Estimant que la frontière des blocs de civilisations passe par l’Ukraine, ils enregistrent la haine des Russes à l’Ouest comme un fait, et voient dans le partage du pays une perspective. Après la prise de la Crimée, dont il se félicite, Douguine invoque (sur le site du Front national bolchevique, le 18 mars) un « printemps russe ».Il exige : « Moscou doit envoyer ses troupes en Ukraine » — un pays auquel il accole une ancienne appellation : « Nouvelle Russie » (Novorossiia ), reprise par M. Poutine le 17 avril dernier. Mais il envisage aussi une stratégie alternative : travailler le noyau dur du nationalisme de l’Ouest, dont l’ukrainité serait immanquablement rejetée par l’Europe libérale, et convaincre ces « ultras » de surmonter leur russophobie en faveur du moindre mal que représenterait l’eurasianité. Ce calcul n’est pas sans fondement. Ne voit-on pas des défilés d’intégristes, tant orthodoxes russes qu’uniates ukrainiens, condamner l’Europe dégénérée et « sodomite » ? L’égalité des droits obtenue par les homosexuels en Occident, l’affaire des Pussy Riot ou les exhibitions des Femen ont heurté tous les traditionalistes.

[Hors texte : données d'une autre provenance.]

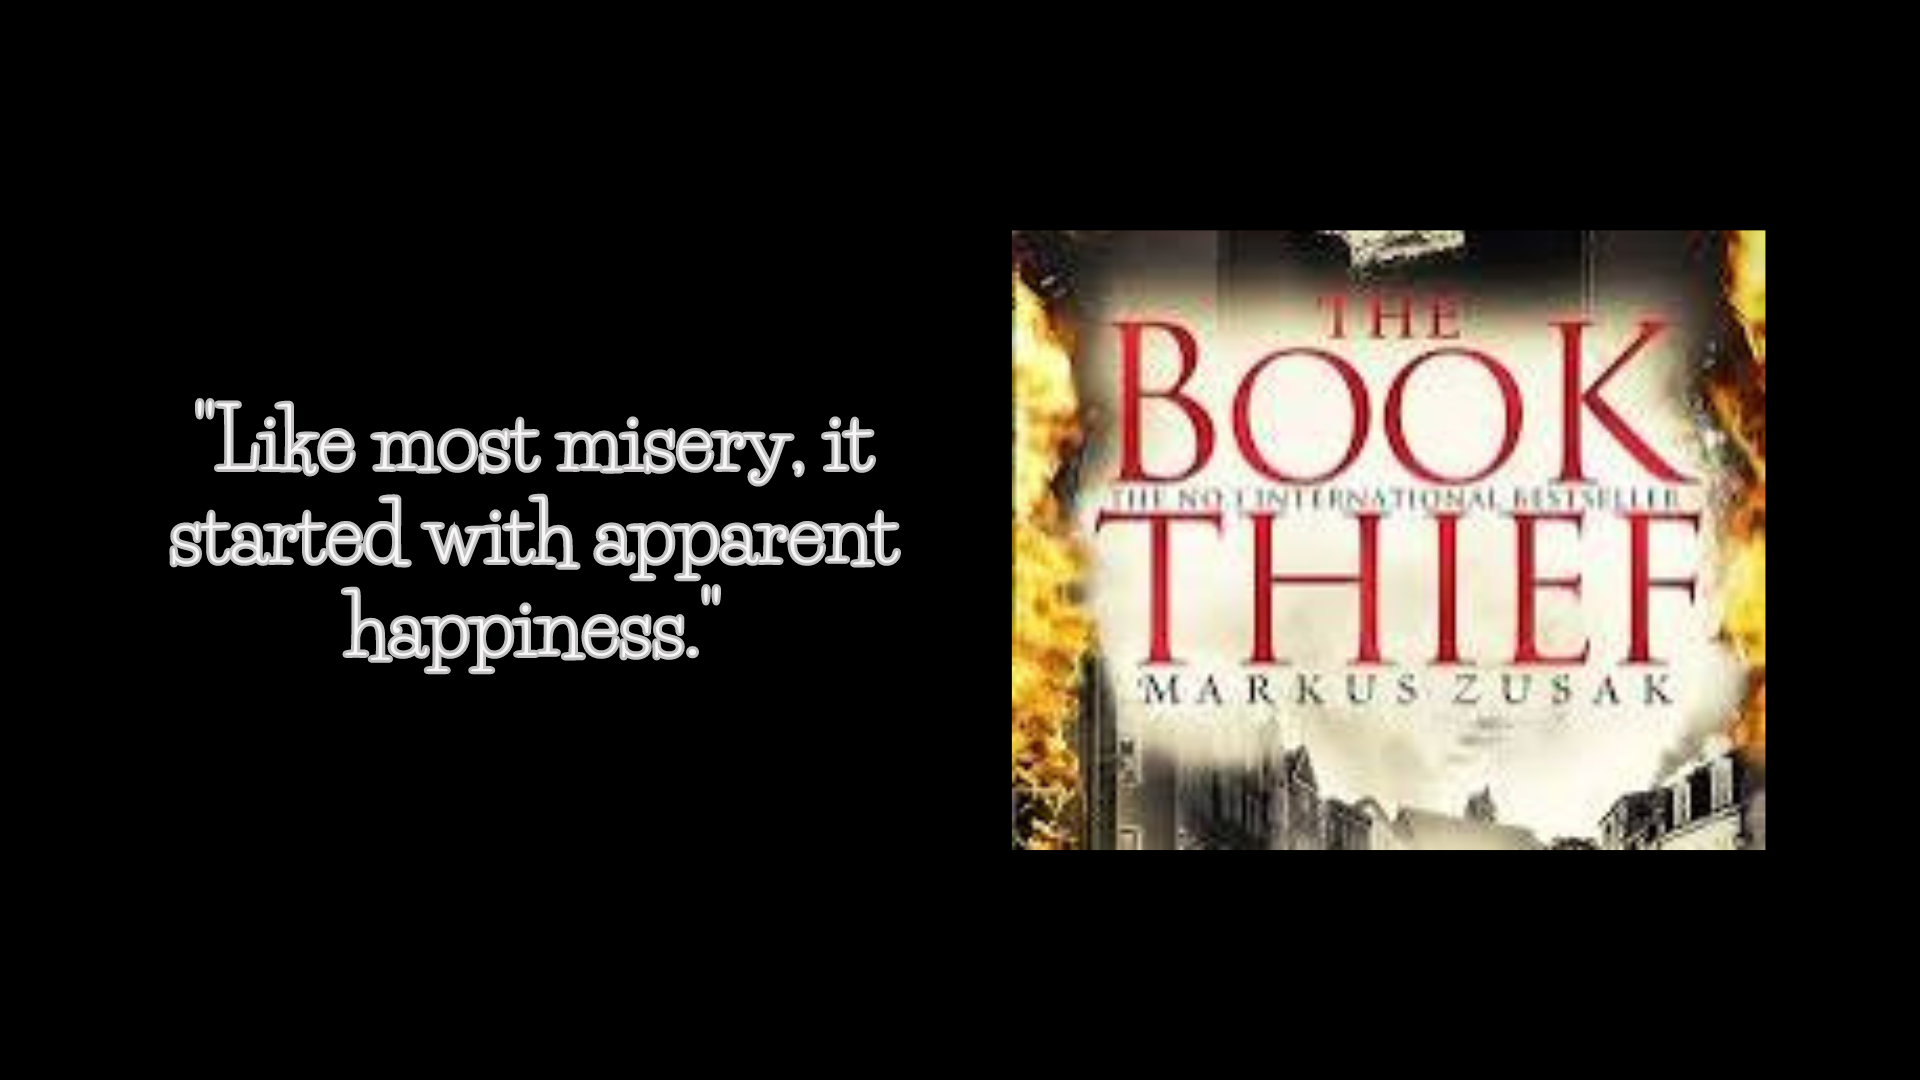 The Book Thief: 10 quotes to find wisdom amidst chaos

Cette idéologie de forteresse assiégée apparaît à court terme comme une réaction musclée à l’expansionnisme occidental, un « appel aux armes » visant à former une coalition d’Etats forts d’Asie centrale, slaves et musulmans. Si possible alliés de la Chine, ceux-ci seraient en mesure de réagir à la menace qui vient de l’Ouest autant qu’aux « terroristes » venus du Sud. Auteur de Frappe sur la Russie, le néoeurasiste Valeri Korovine l’affirmait début 2014 : « La guerre contre la Russie a déjà commencé (12). »

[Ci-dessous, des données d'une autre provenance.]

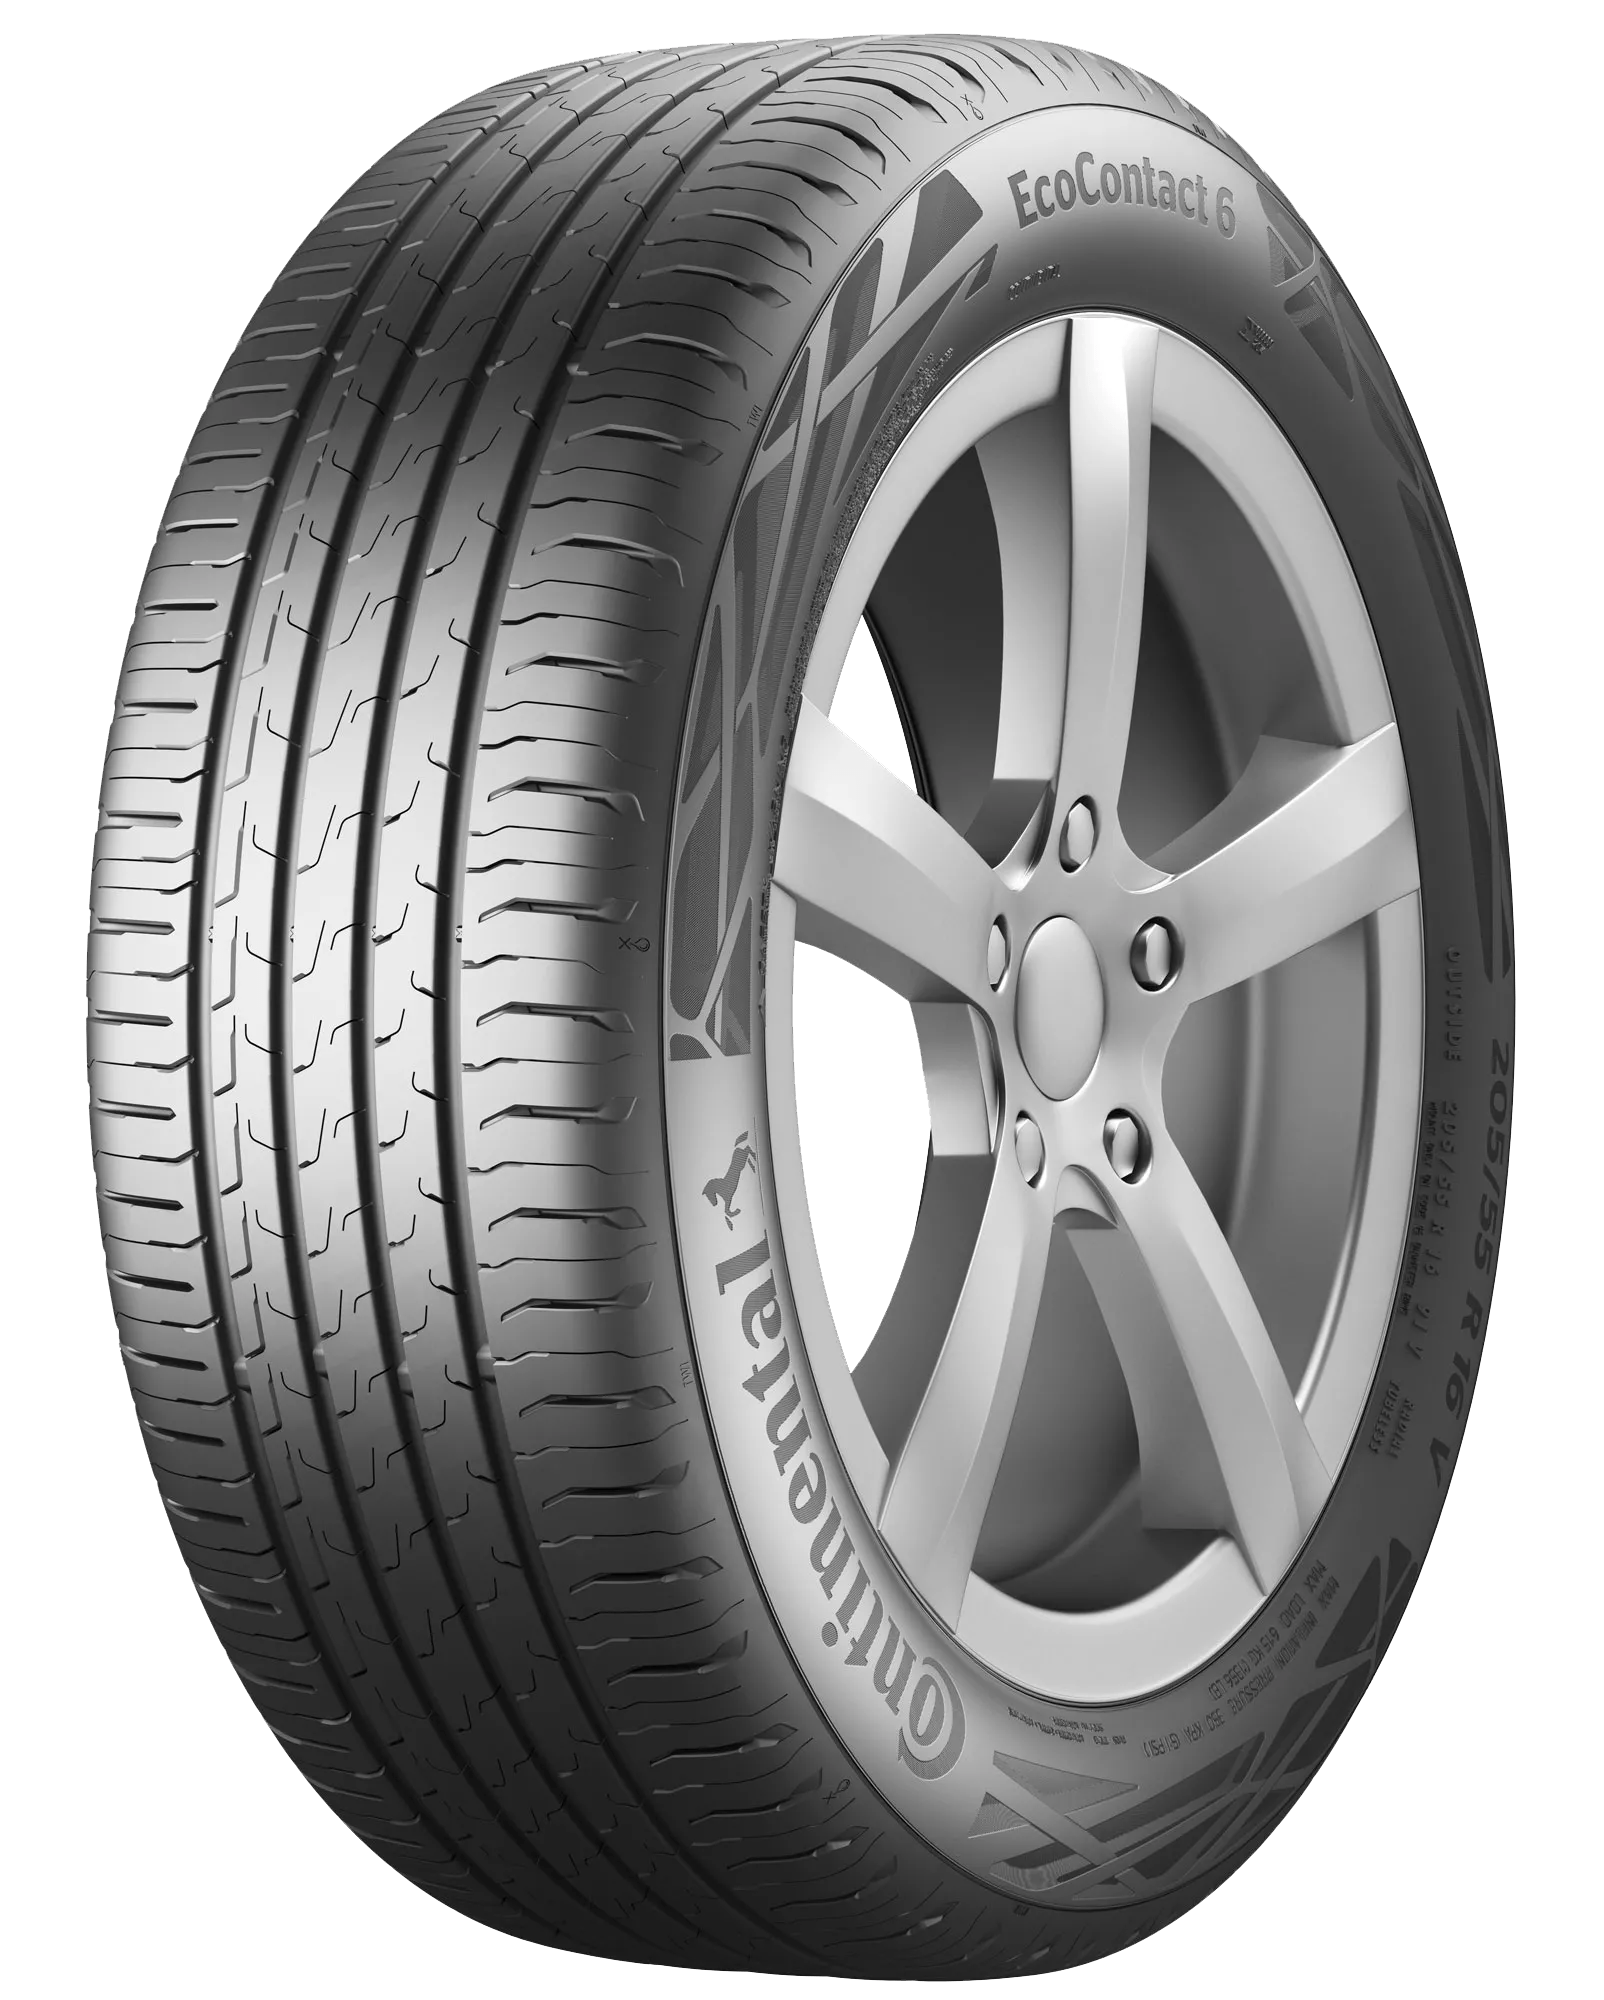 215/65R17 Continental EcoContact 6 Audi (AO) 99H Tyre

Jean-Marie Chauvier, Journaliste, Bruxelles.

Notes

  1. Cf. Marlène Laruelle, « La triangulaire “Russie”, “exil russe”, “culture d’accueil” : le prisme occidental non assumé de l’eurasisme », colloque « Premières rencontres de l’Institut européen Est-Ouest », Lyon, ENS-LSH, 2-4 décembre 2004.
  2. Le personnage a inspiré au romancier Emmanuel Carrère son Limonov, POL, Paris, 2011.
  3. Alexandre Douguine, La Quatrième Théorie politique. La Russie et les idées politiques du XXI e siècle, Ars Magna Editions, Nantes, 2012.
  4. Lire Evelyne Pieiller, « Les embrouilles idéologiques de l’extrême droite », Le Monde diplomatique, octobre 2013.
  5. Eurasia.org
  6. Alexandre Douguine, L’Appel de l’Eurasie. Conversation avec Alain de Benoist, Avatar, coll. « Heartland », Etampes, 2013.
  7. Vrag naroda, Algoritm, Moscou, 2006.
  8. Lire Emmanuel Dreyfus, « En Ukraine, les ultras du nationalisme », Le Monde diplomatique, mars 2014.
  9. Lire « En Russie, nostalgie soviétique et nouveau patriotisme d’Etat », Le Monde diplomatique, mars 2004.
  10. Véra Nikolski, National-bolchevisme et néo-eurasisme dans la Russie contemporaine. La carrière militante d’une idéologie, Mare & Martin, Paris, 2013.
  11. Artogeia, Moscou, 12 août 2013.
  12. Valeri Korovine, Frappe sur la Russie. La géopolitique et le pressentiment de la guerre, Piter, Saint-Pétersbourg, 2014 (en russe).